The famous monastery, with a sign to EBC.
USAID gave Pangboche $50K or so to rebuild the monastery after it was severely damaged in the 2015 earthquake. The Trump administration did not rescind or limit this gift (as everyone there told us… they are big Trump fans in the mountains.)
I visited the toilets in a hillside schoolyard, which involved climbing through a fence and down a stone wall and back up again.

The showers at Everest Summit Lodge are gas-powered, which meant that the water was truly hot. What a delicious feeling!
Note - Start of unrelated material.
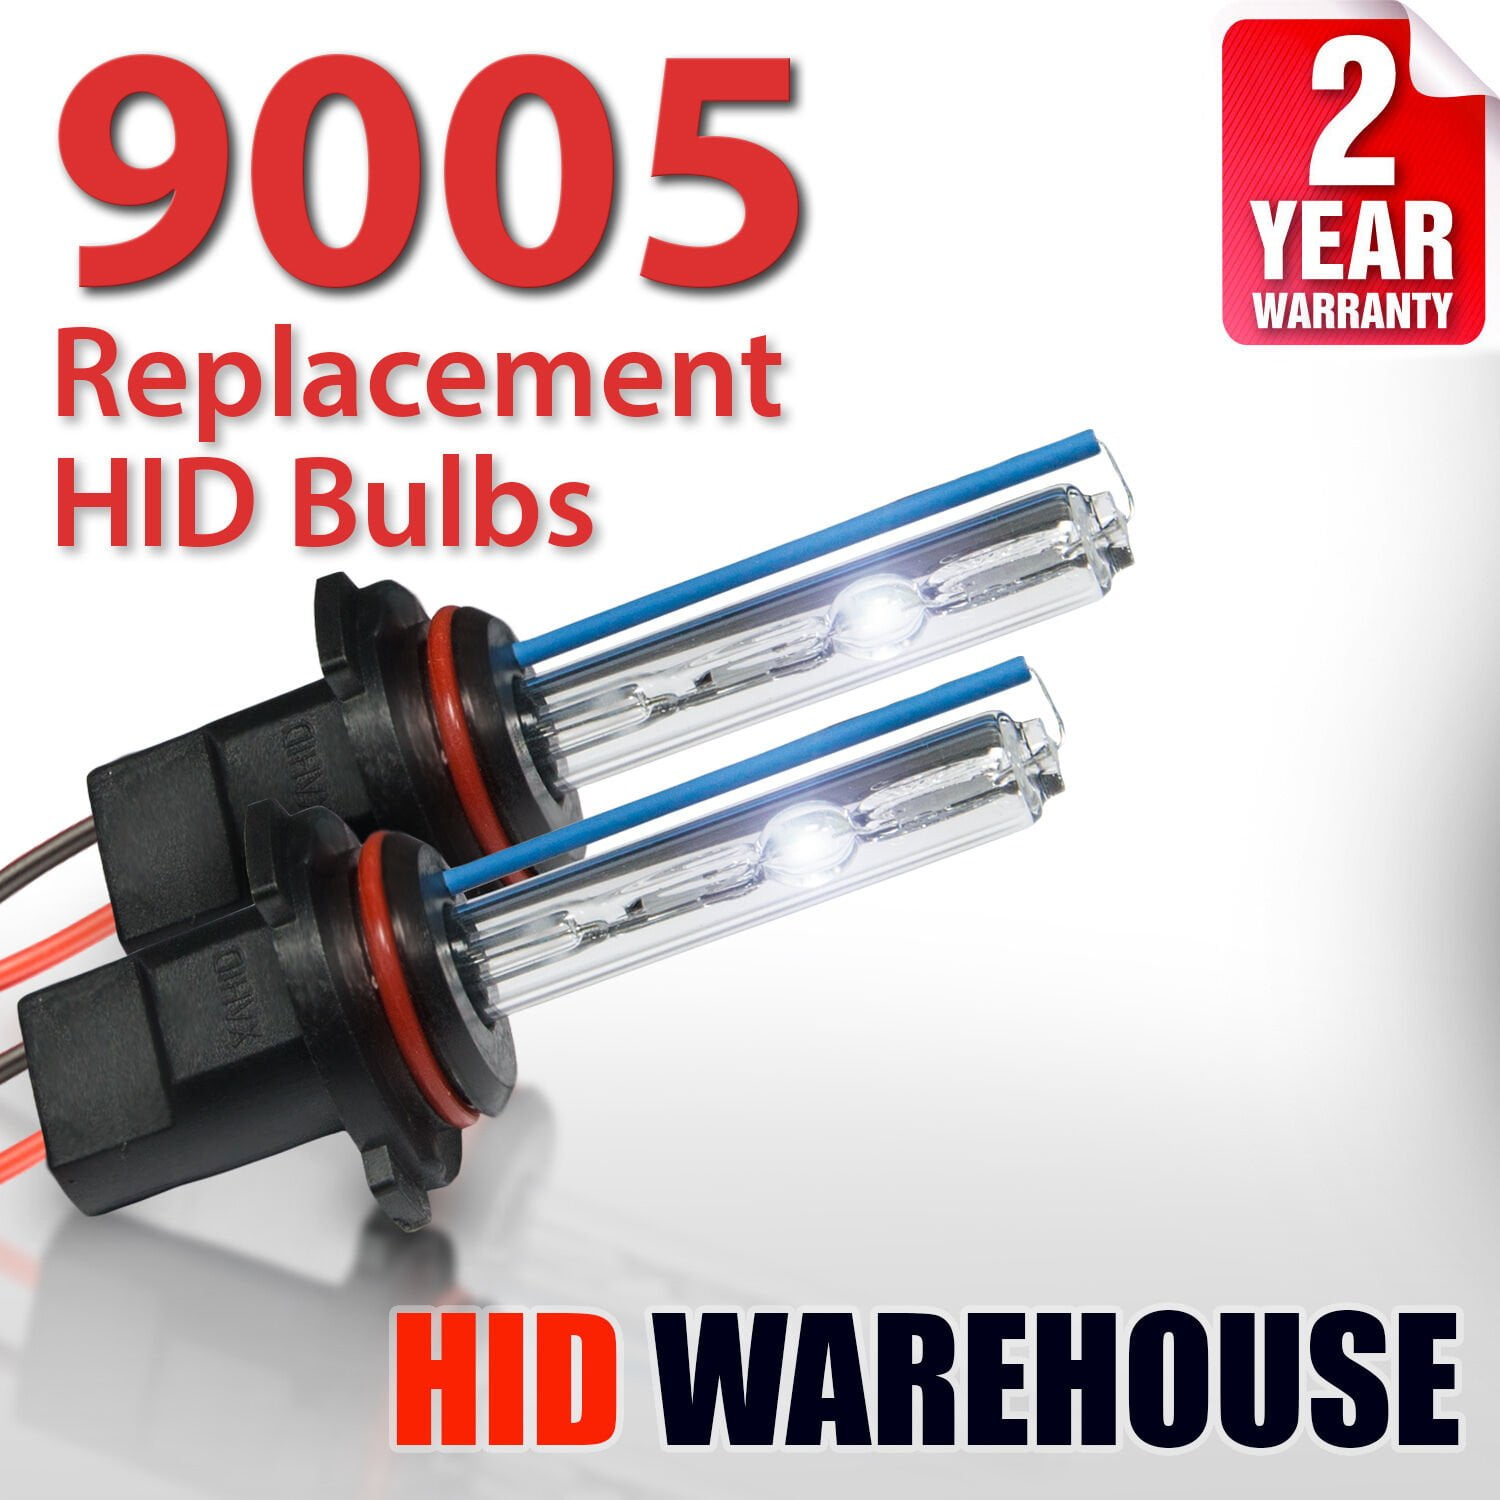 HID-Warehouse HID Xenon Replacement Bulbs - 9006 6000K - Light Blue (1 Pair)

The kitchen at Everest Summit Lodge uses gas to cook.

Chris spent the early evening sitting outside the lodge watching the sun set on the three biggies, Nuptse, Everest, and Lhotse.

There was a great view of Ama Dablam from the dining room.

The stoves in the dining room, on the other hand, were powered by yak dung. There’s no wood available higher in the mountains, but there’s yak dung aplenty. Mila dai, our porter, reportedly supplemented his income on his days off by collecting yak dung in the hills. (He spent the next day, when we didn’t move, carting a load all the way to Namche and another one back to Pangboche.)

Yak dung doesn’t stink at all. It’s just grass.

The Everest Summit Lodge has two levels of accommodation, basic and “comfort.” We saw other tourists who were clearly staying there, but they didn’t appear in our dining room because they weren’t on the comfort package. We had the place to ourselves.